*INSTRUCTIONS TO FOLLOW*
Leave the pictures behind and reproduce every line of the listing exactly.

*SOURCE MATERIAL*
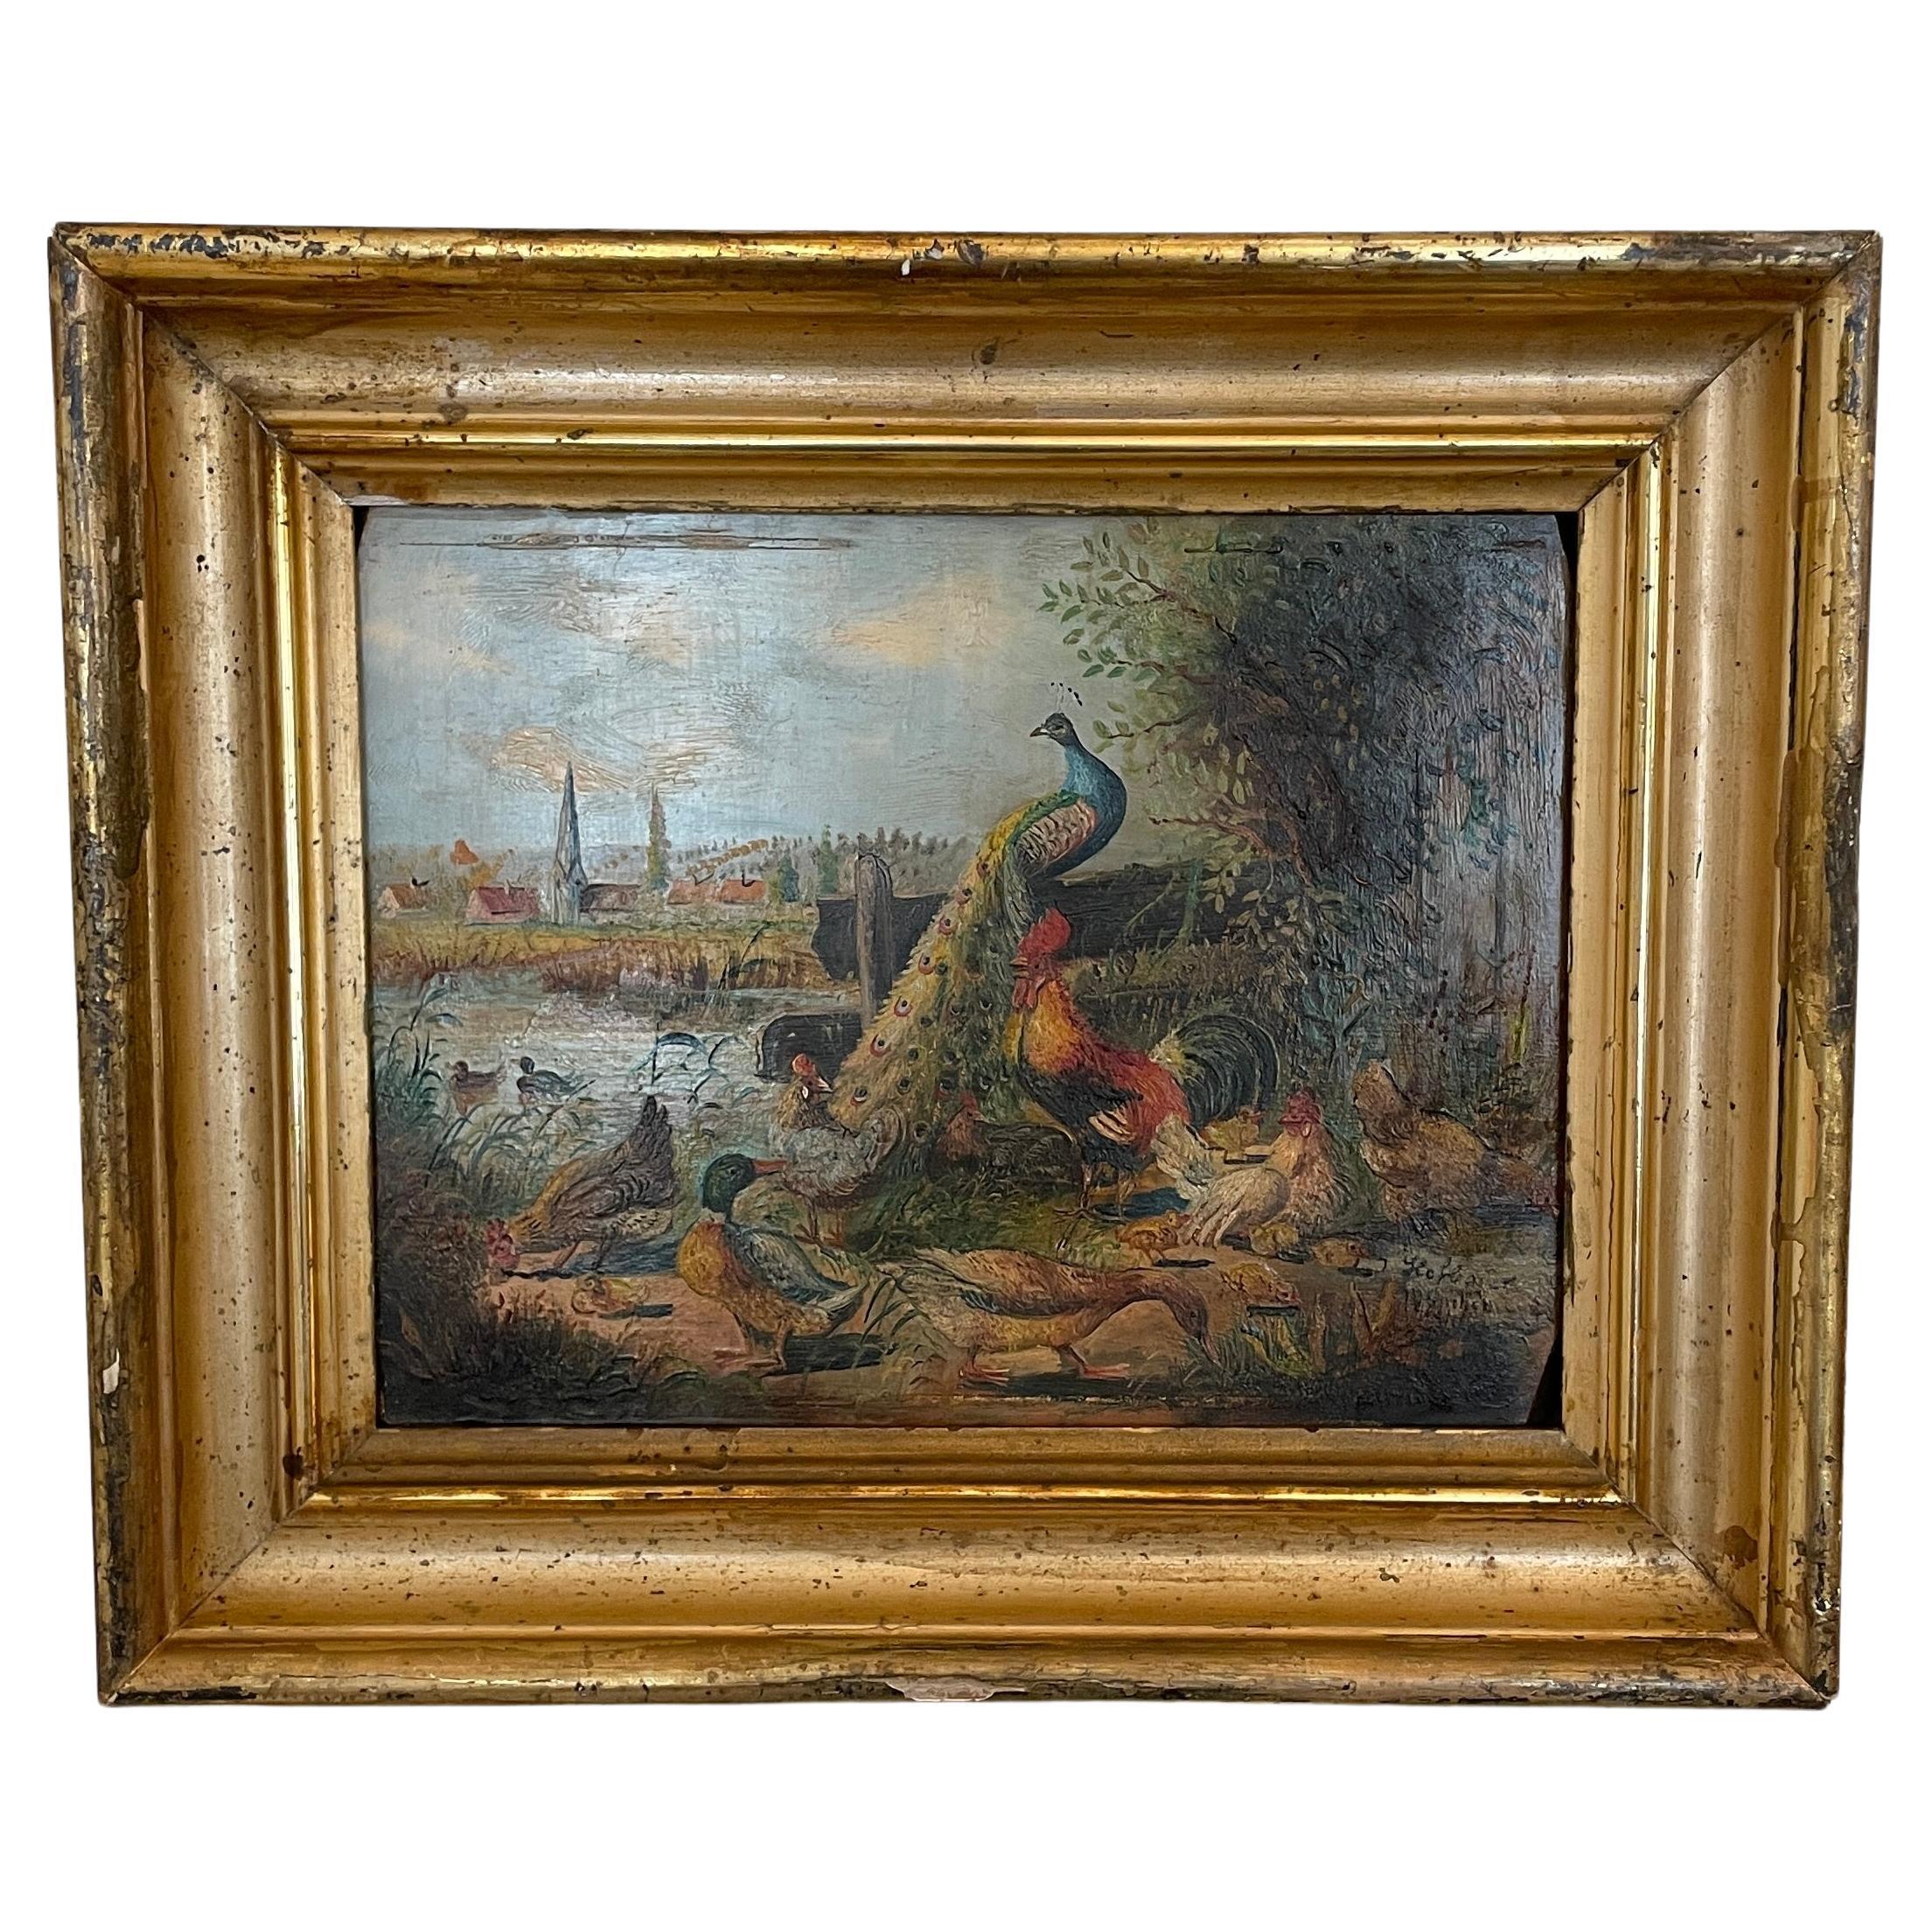 1950s German Oil Painting on Wood in an Old Gilded Frame by Josef Hofbauer
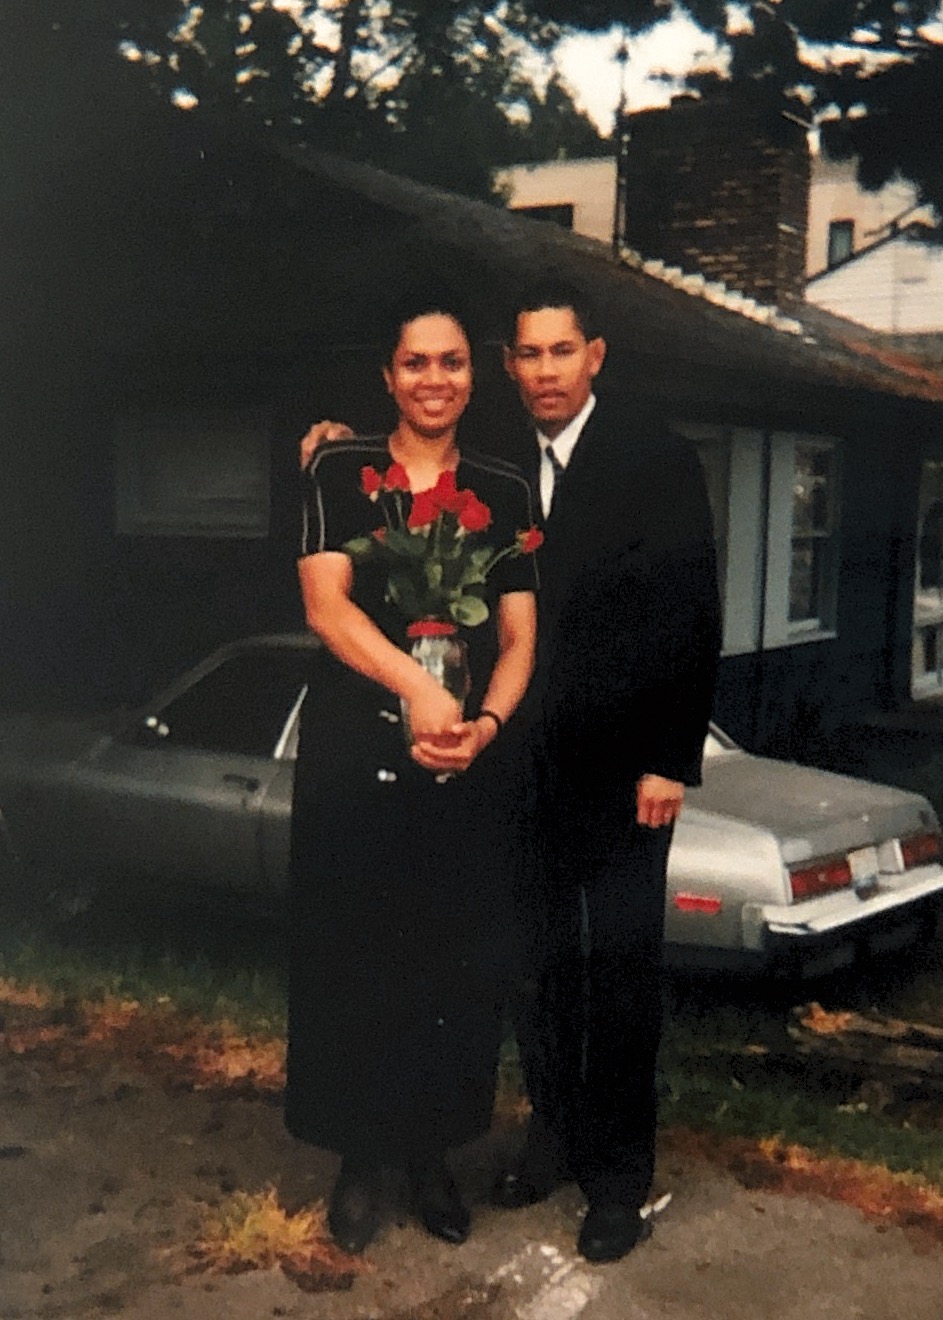 Valentines Day 18 years ago.Sweet Memories and blessed to share my life with this beautiful woman.
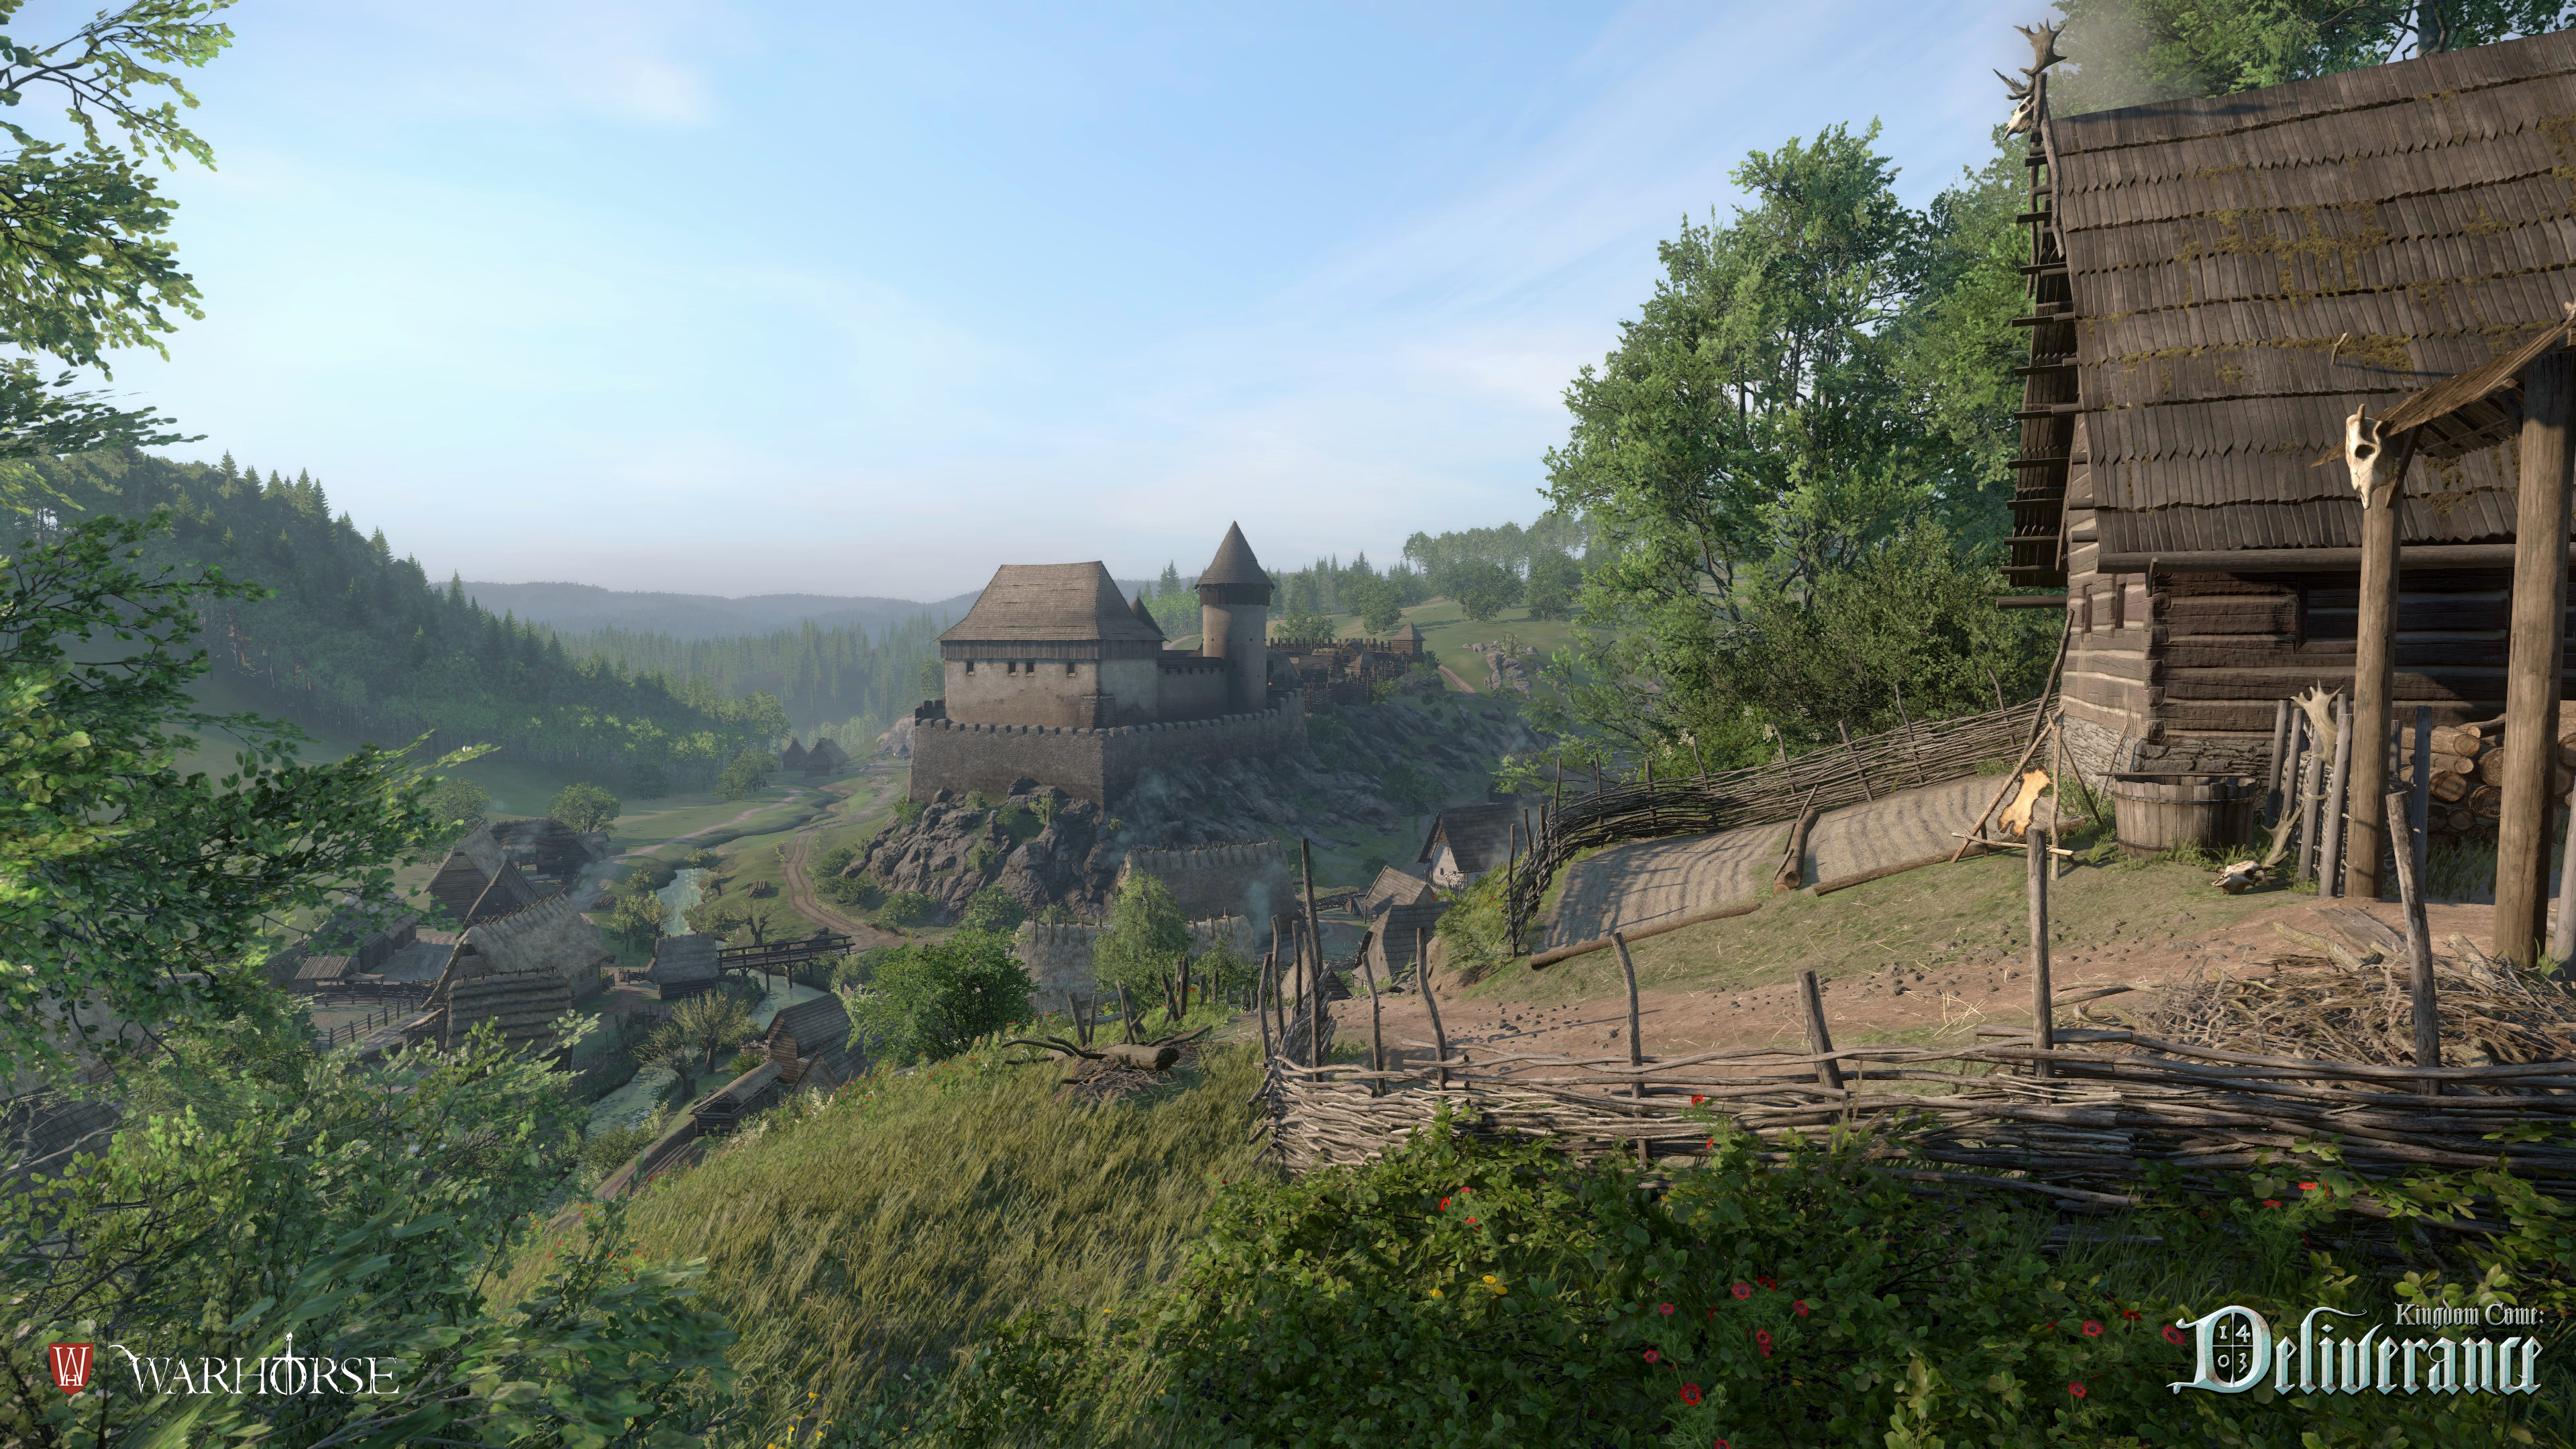 Gorgeous New Screenshots Released For No Fantasy Rpg

*RESPONSE TO THIS EXERCISE*
 1950s German Oil Painting on Wood in an Old Gilded Frame by Josef Hofbauer
 Valentines Day 18 years ago.Sweet Memories and blessed to share my life with this beautiful woman.
 Gorgeous New Screenshots Released For No Fantasy Rpg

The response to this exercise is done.